Section 951A requires inclusion of a U.S. shareholder’s GILTI for a tax year. By definition, GILTI is a shareholder-level concept, unlike subpart F income, which is a CFC-level concept. Calculating a U.S. person’s GILTI first requires the aggregation of the net tested income of all a U.S. shareholder’s CFCs with tested income (in excess of those CFCs with tested loss). That distinction has several important ripple effects when applying the section 904 limitation and accompanying regulations to the foreign taxes attributable to GILTI. It also has implications for applying section 960.

Basketing

Congress made the GILTI inclusion different from section 952 subpart F income by requiring it to be a shareholder-level calculation (rather than simply another category of subpart F income). But it also shoehorned it into preexisting FTC limitation rules by declaring in section 904 that the provisions of sections 901 and 960 should be applied separately for income that must be included under section 951A.

An arguable implication of including a reference to GILTI as a separate category of income under section 904(d) is that all relevant rules for section 904(d) basketing of income — such as the section 904(d)(3) look-through rules, the overall foreign loss rules of section 904(f), the overall domestic loss rules of section 904(g), the separate limitation loss rules in section 904(f)(5), and the expense allocation and apportionment rules in the section 861 regulations — also apply to taxes creditable under section 960 as a result of inclusion in section 951A. But none of those rules fit into a regime in which a category of income is determined at the shareholder, rather than the entity, level.

Carryforwards and Pooling

Much of the FTC’s complexity results from the assumption that FTCs a U.S. person can’t fully use in a given year may be carried forward. For example, the overall foreign loss limitation rules of section 904(f) are based on the concept that benefits to a taxpayer from the availability of FTCs should be smoothed out over multiple years. That kind of logic is relevant only when FTCs can be carried forward.
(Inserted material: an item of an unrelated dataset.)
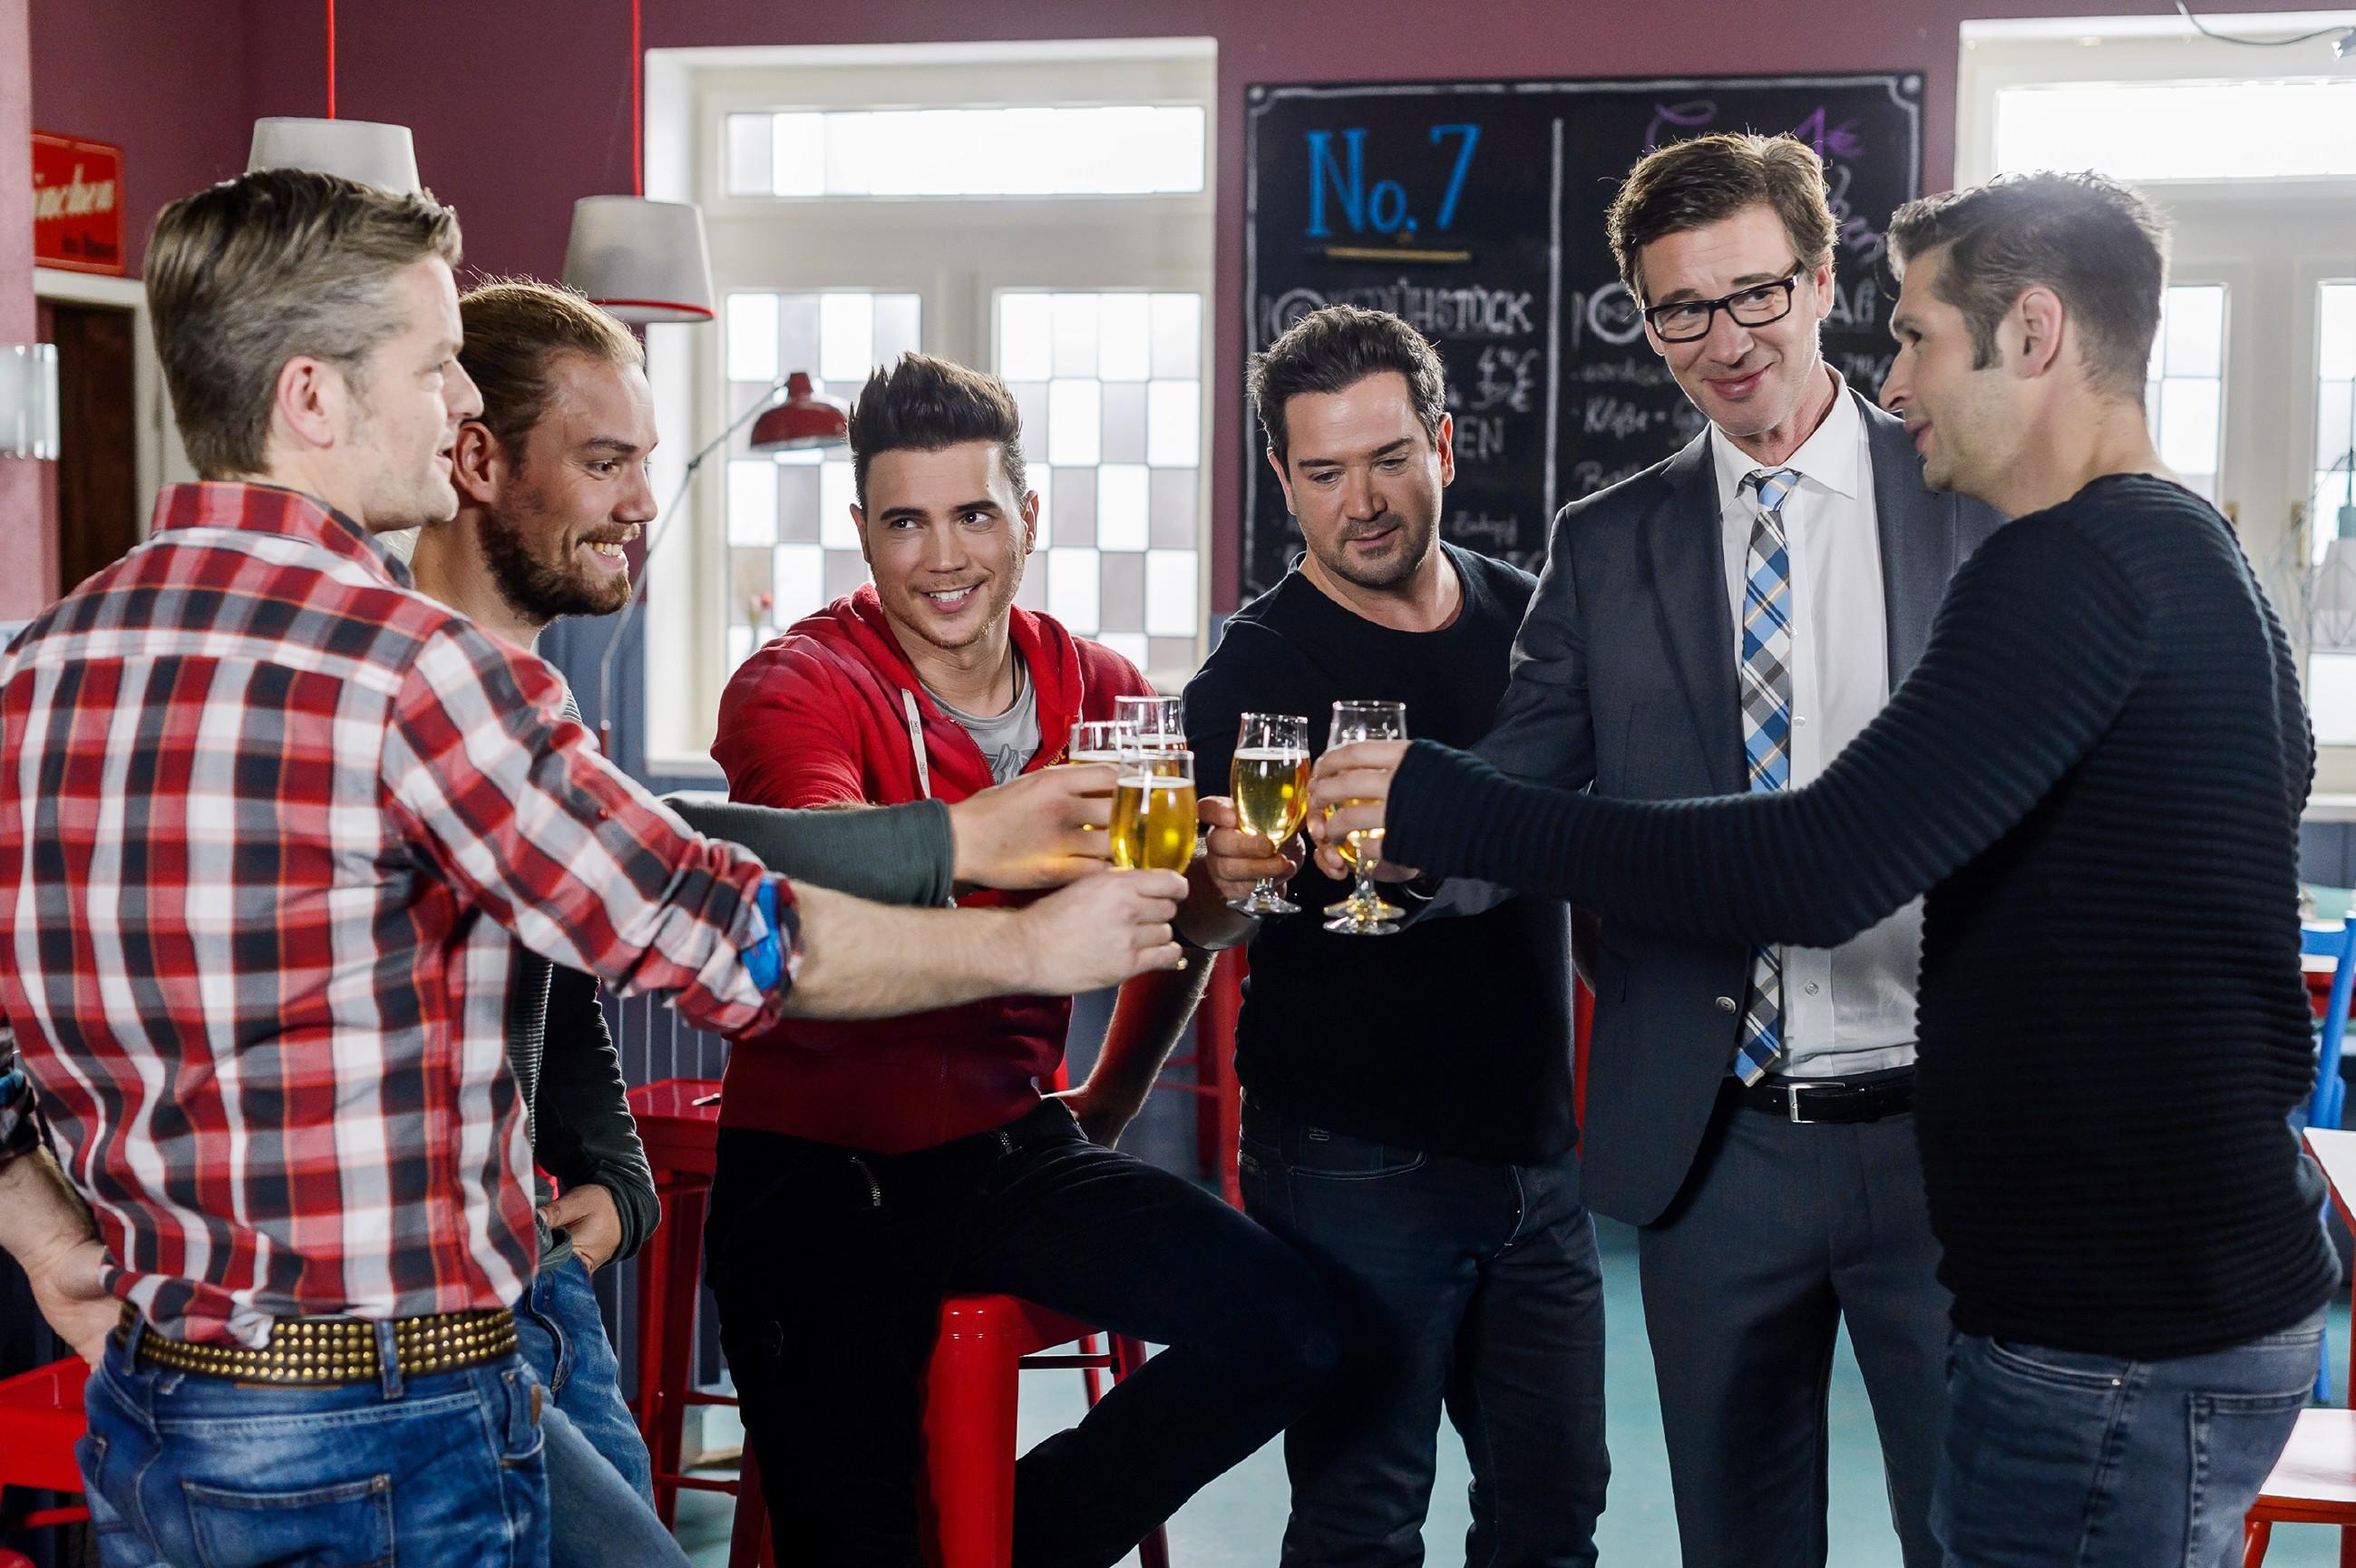 """Christoph (Lars Korten, 2.v.r.) trifft sich mit (v.l.) Ingo (André Dietz), Leo (Julian Bayer), Ronny (Bela Klentze), Marian (Sam Eisenstein) und Deniz (Igor Dolgatschew, r.) auf ein Bier, um selbstironisch seinen letzten Tag als """"richtiger Mann"""" zu feiern, denn ab morgen geht es in die Elternzeit. (Quelle: RTL / RTL / Willi Weber)"""

But FTCs that are attributable to income includable under section 951A are available to taxpayers only in the year of inclusion. The reason for disallowing the carryforward for credits associated with GILTI was presumably to minimize FTC planning opportunities. But disallowing a carryforward for a credit for GILTI taxes, while at the same time defining GILTI as a separate section 904(d) basket, makes for an uneasy mismatch. The fundamental paradigm for the overall foreign loss, the overall domestic loss, and the separate limitation loss rules can’t be reconciled with the notion that most foreign-source income of CFCs has already been included in income by U.S. shareholders, with the FTCs associated with that income no longer available after the year of inclusion.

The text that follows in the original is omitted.